The River Alde and River Ore form a river system in Suffolk, England passing by Snape and Aldeburgh. The River Alde and River Ore meet northwest of Blaxhall. From there downriver the combined river is known as the River Alde past Snape and Aldeburgh, and then again as the River Ore as it approaches Orford and flows by a shingle spit before emptying into the North Sea.

Both rivers are named by back-formation from key towns on their route: the Alde is named from Aldeburgh, and the Ore is named from Orford.
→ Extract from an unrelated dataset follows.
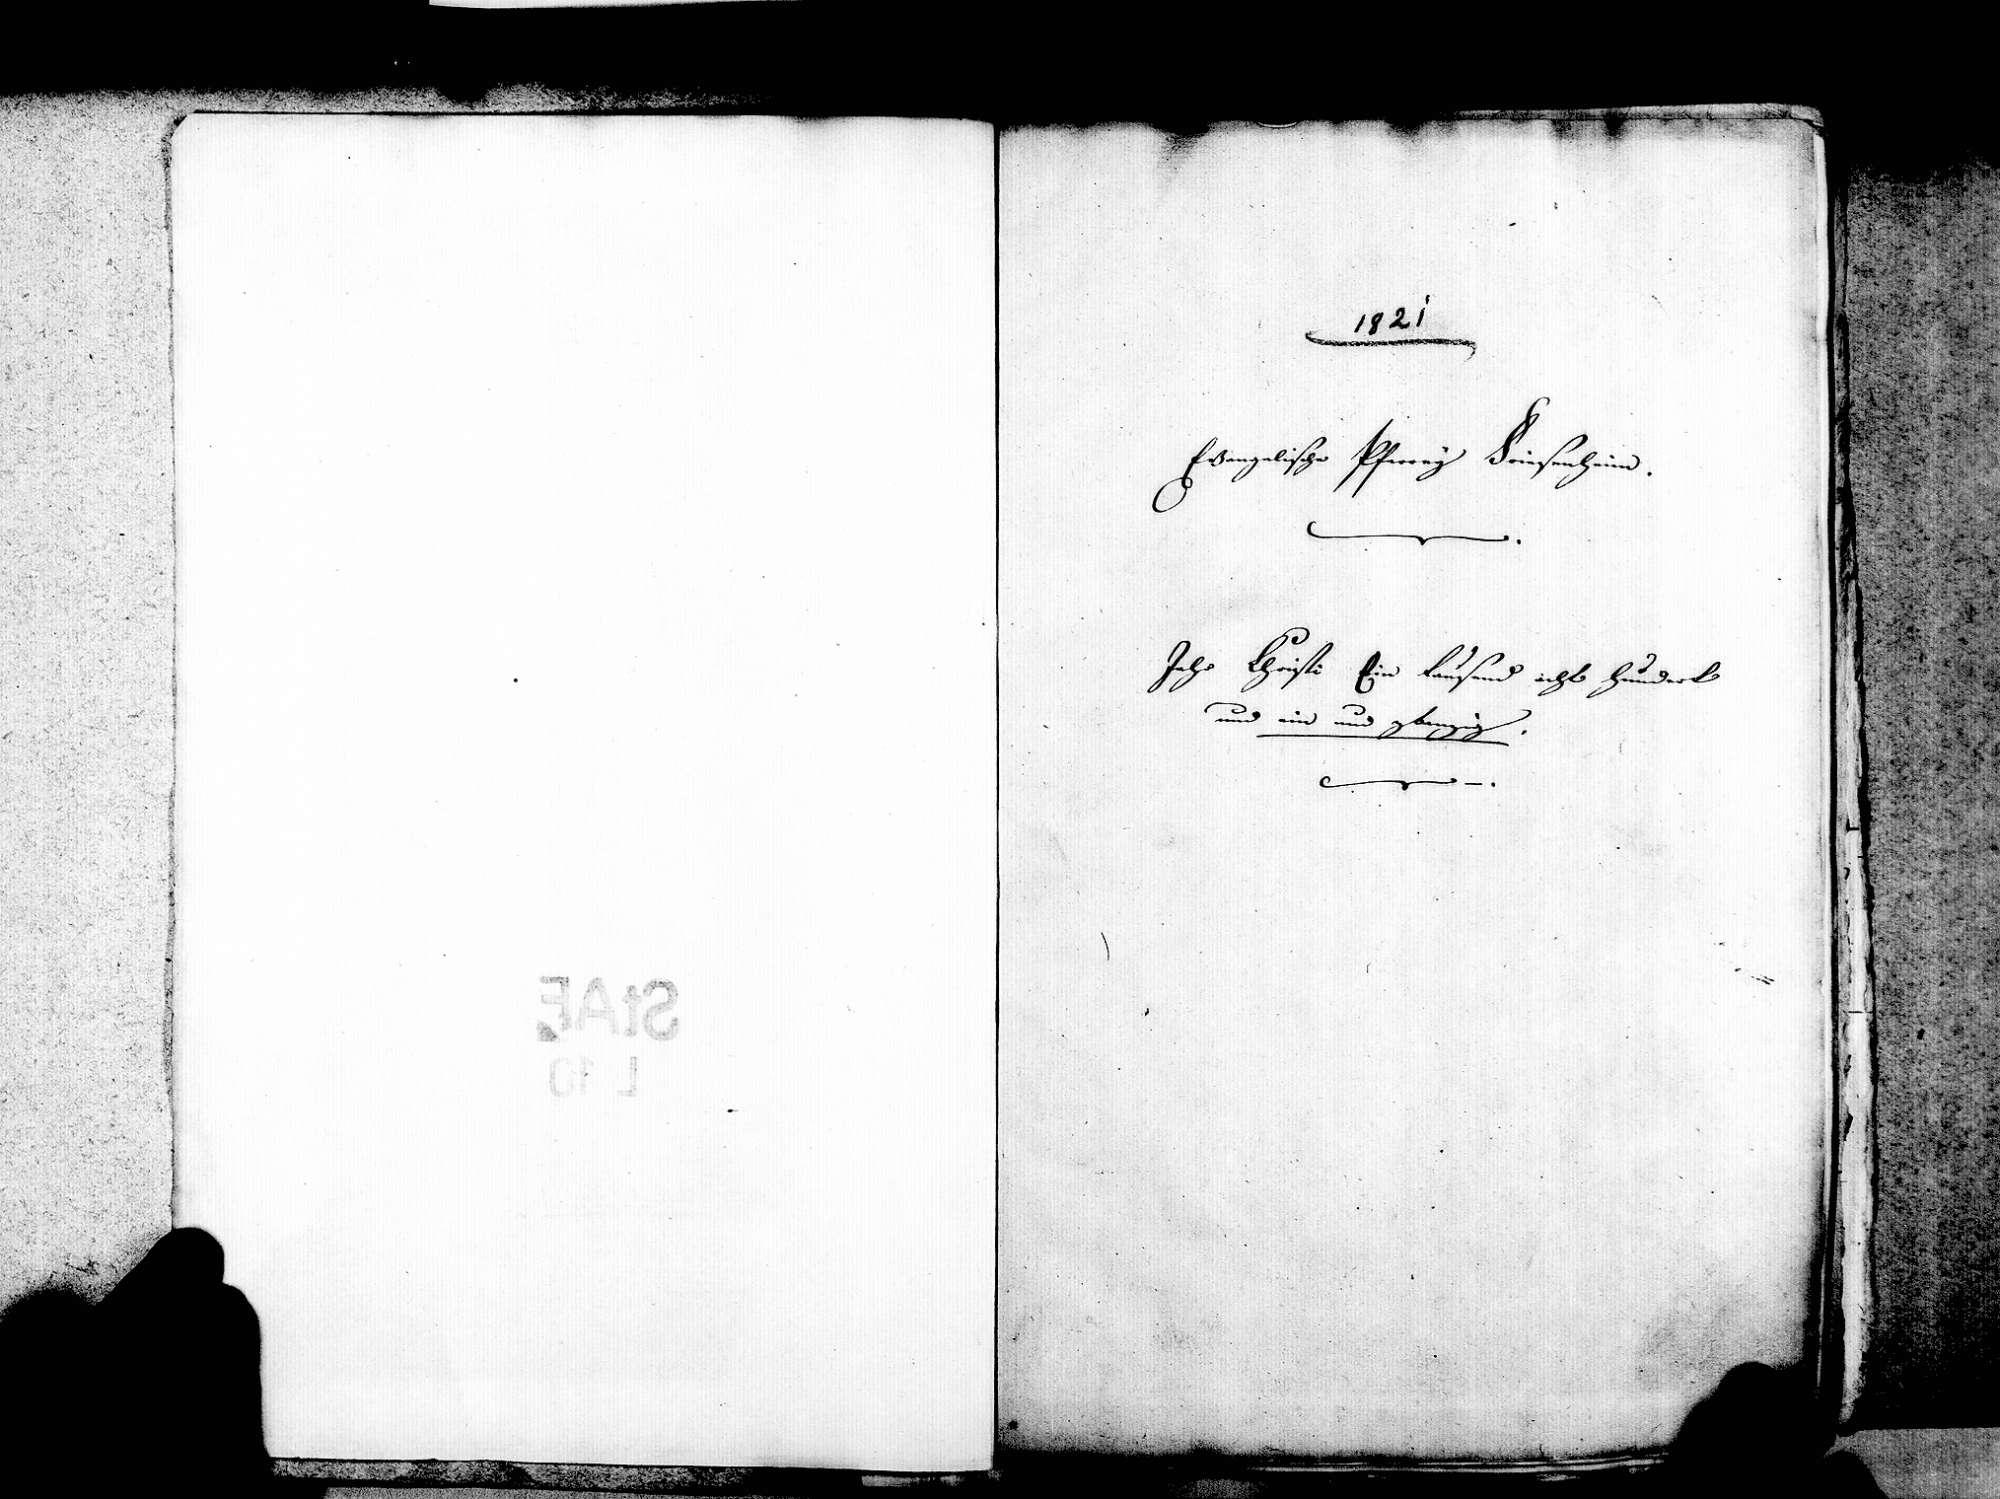 Friesenheim OG; Evangelische Gemeinde: Standesbuch 1821-1835 Friesenheim OG; Katholische Gemeinde: Standesbuch 1821-1835 Friesenheim OG; Israelitische Gemeinde: Standesbuch 1821-1835, Bild 3
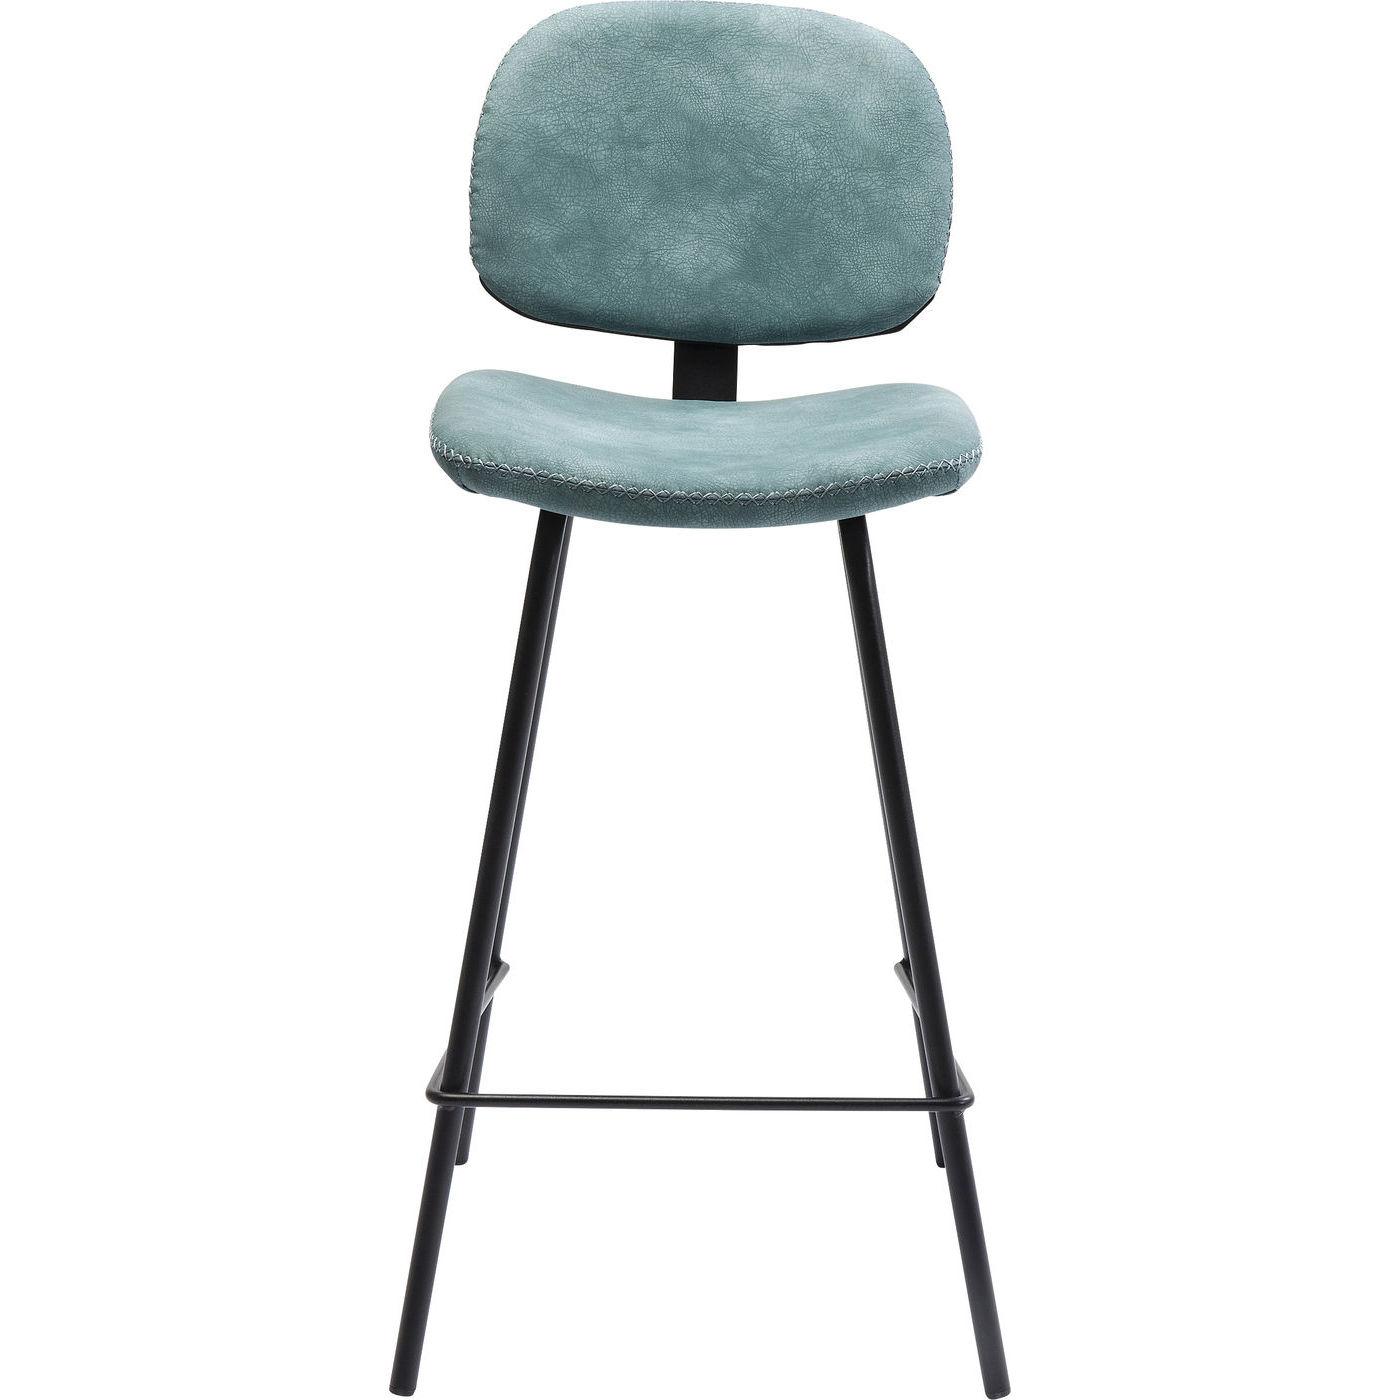 kare design – Kare design barber light blue barstol - lyseblåt læderlook/stålben fra boboonline.dk

The first section of the River Ore flows around 18 km from its sources west of Dennington south and east through Framlingham, Parham and Marlesford, meeting the River Alde to the northwest of Blaxhall.

The source of the River Alde is Brundish near Laxfield in the same area as the River Blyth. Soon after combining with the River Ore, it reaches Snape where it becomes tidal and widens considerably. It meanders east past Aldeburgh, before being turned south and running parallel to the coastline behind a narrow shingle spit.

The River Ore is the name of the final section of around 11 km of the river, from just above Orford to the sea. It has one tributary, the Butley River, and Havergate Island is found at their confluence. Though it once entered the sea near Orford, the mouth of the river has now been pushed some five miles further south as shingle has accumulated over hundreds of years.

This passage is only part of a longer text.